Okay. When we wind up in fucking messes in our personal or professional lives, don’t we find it best to admit our errors and start fresh? But no, Senator Schumer told the Post, “we ought to not go back to the drawing board.” No, last week’s nervous New York Times editorial agreed, “to redo the entire plan for rebuilding ground zero . . . would be a mistake, a waste of precious time and formidable talent.”

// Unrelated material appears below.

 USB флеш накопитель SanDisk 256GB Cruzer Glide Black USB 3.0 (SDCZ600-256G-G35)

But most of that time and talent have already been wasted. Libeskind’s original design for a spiraling, asymmetrical Freedom Tower was abandoned almost two years ago when he was forced by Pataki, his patron, into a doomed, viciously dysfunctional partnership with David Childs, the World Trade Center’s hired architect from Skidmore Owings and Merrill. The product of their two-year “collaboration” was an awkward mongrel design that Kelly’s NYPD has now vetoed on security grounds. In his desperately resolute recent statements about ground zero, Pataki is trying to have it both ways, suggesting that they both were and weren’t really starting over. “I have no doubt,” he said, “that David Childs will come up with yet another magnificent design.” In other words, back to the drawing board, without the little dude in the funny glasses—but only as briefly as possible.

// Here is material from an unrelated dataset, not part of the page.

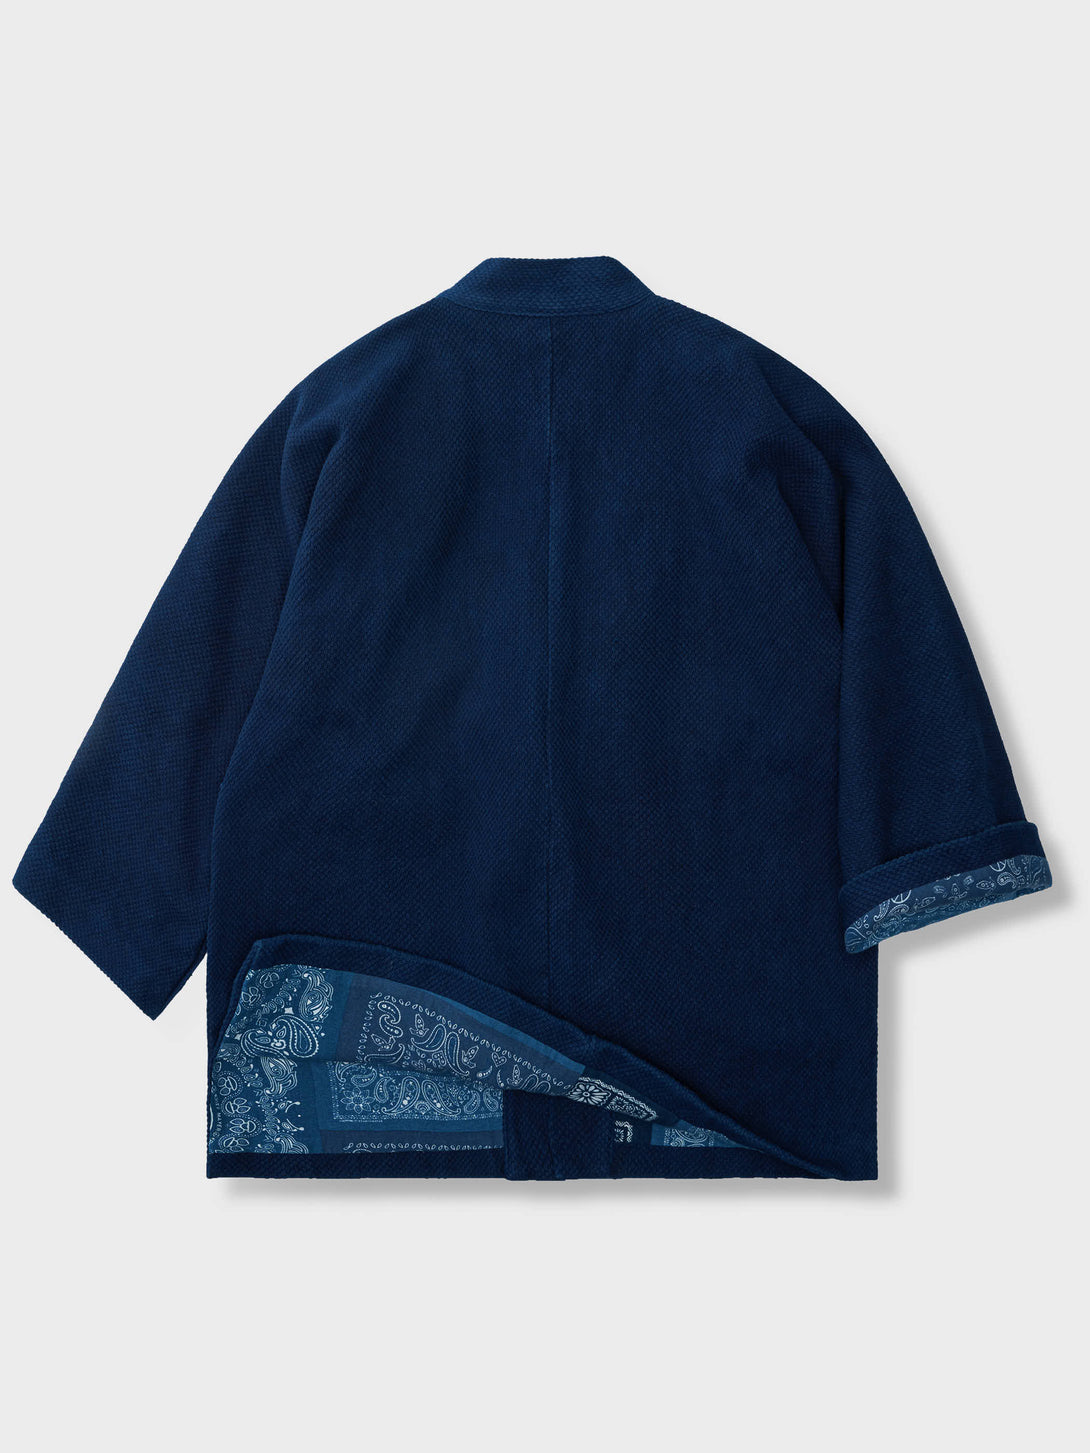 和の雰囲気を詰め込んだスペシャル藍染半纏、裏返すとバンダナ柄が特徴的な西海岸風のデザイン

Libeskind has been spinning deliriously from the end of the plank he has been walking. According to the Times, he professed himself confident that “the intent and spirit of the master plan . . . would remain even if the shape of the building changed.” But it is not just the shape (and material) that has to be changed—Freedom Tower must move east toward Greenwich Street, farther from hypothetical West Street truck-bombers, which may well squeeze the hypothetical performing-arts center out of existence, in one stroke changing the intent and spirit of that whole quarter of the master plan. And exactly what is so visionary about the rest of Libeskind’s plan, anyhow? Filling three new blocks along the eastern half of the site with three mammoth office towers is the sort of urban planning kids can do playing Sim City.

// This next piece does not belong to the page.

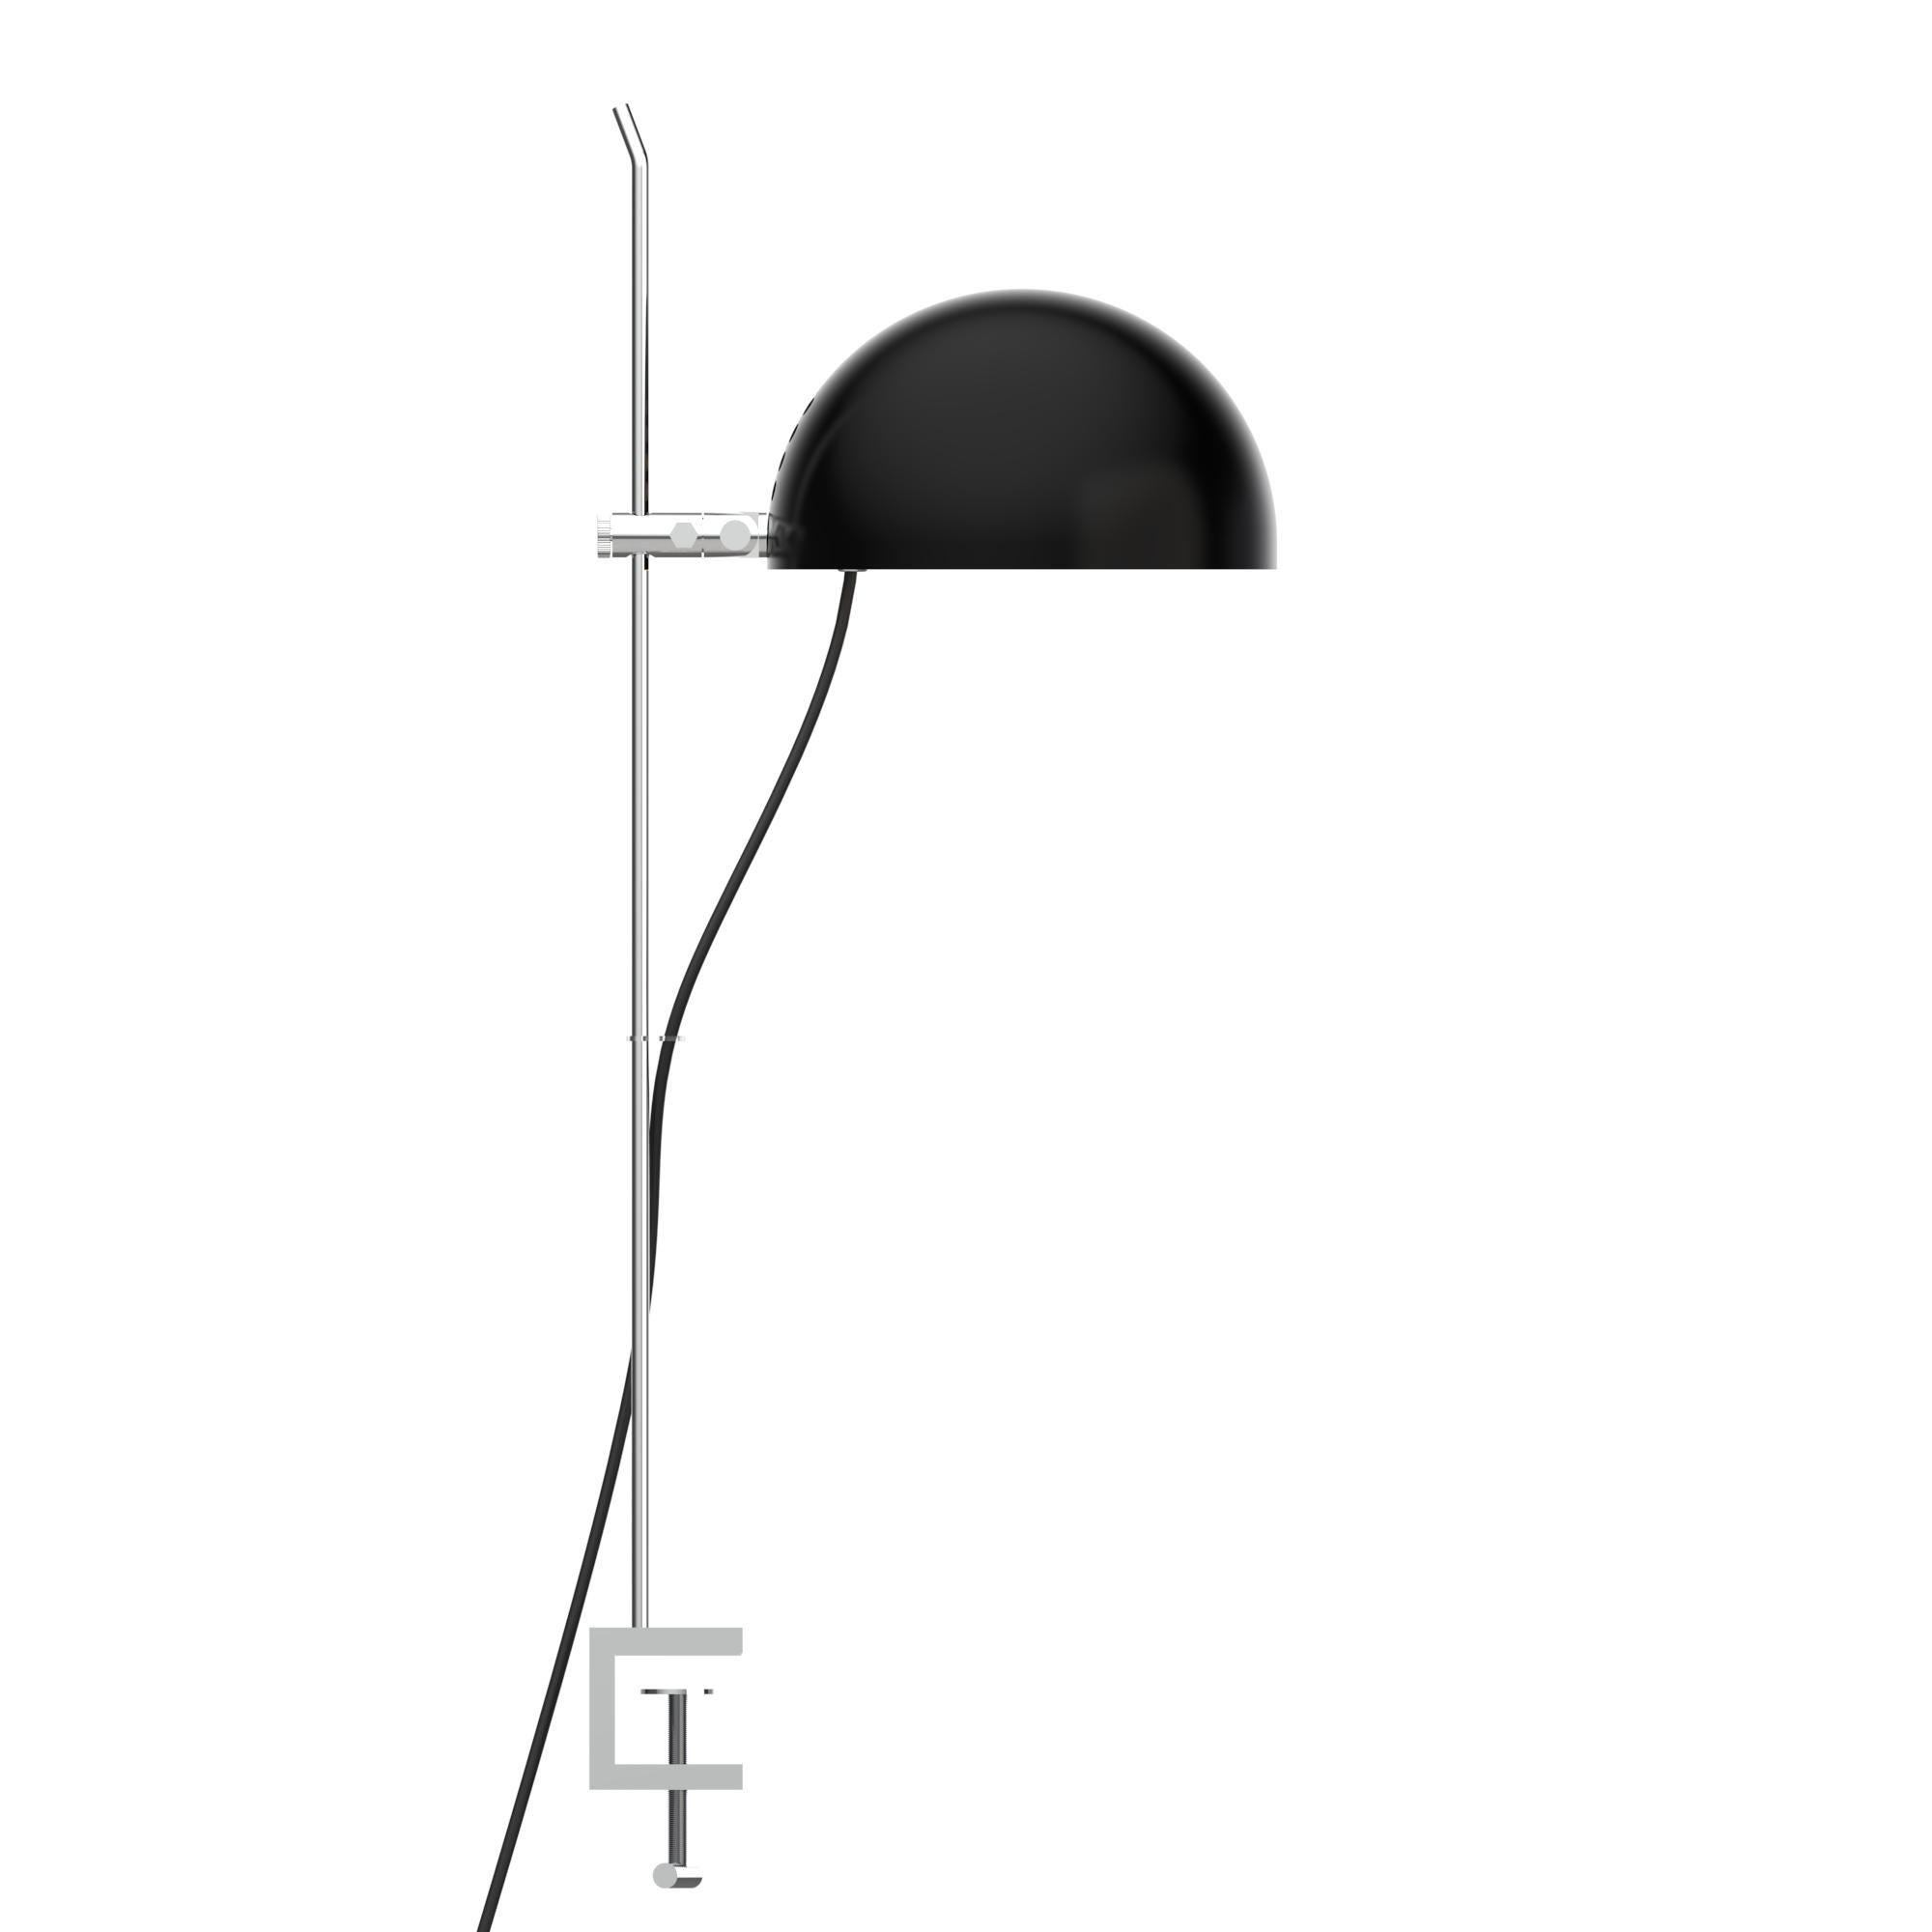 Alain Richard 'A22' Desk Lamp in Chrome for Disderot For Sale 8

All the ground-zero design work is a sunken cost, as economists say, and the sensible course now is to learn from the mistakes, not to stick with the flawed plan simply because we’re behind schedule and frustrated and embarrassed. Given that the whole complex will take ten or twenty years to finish, and may last a century or more, what’s another six months now? Only lately have most of us come to our post-9/11 senses. It’s time to move beyond our denial (reproduce the Twin Towers!) and anger (build them taller!) to acceptance—of the unpleasant truths and the practical obligations of remaking this piece of the city. Let’s really go back to the drawing board, not just hastily to redesign and reposition the Freedom Tower but to rethink the whole scheme. Let’s not squander this latest opportunity as we’ve squandered so many during the past 44 months.

It was a wasted opportunity when Giuliani let Pataki take control of the rebuilding—a cynical, mistaken trade of the city’s interests for presumed Republican partisan advantage. It was a wasted opportunity when Pataki and Bloomberg did not use the extraordinary, whatever-it-takes spirit after 9/11 to purge the 900-pound gorillas (the Port Authority and its World Trade Center leaseholder, Larry Silverstein) by buying off Silverstein, and by trading the city-owned land under La Guardia and JFK for the Port’s Trade Center site, a brilliant scheme by Deputy Mayor Dan Doctoroff that Pataki pocket-vetoed. When the first, bland master-plan sketches appeared three summers ago, Bloomberg complained that they were essentially identical—no leave-it-mostly-empty option, no build-some-housing option—but then he never pressed the issue.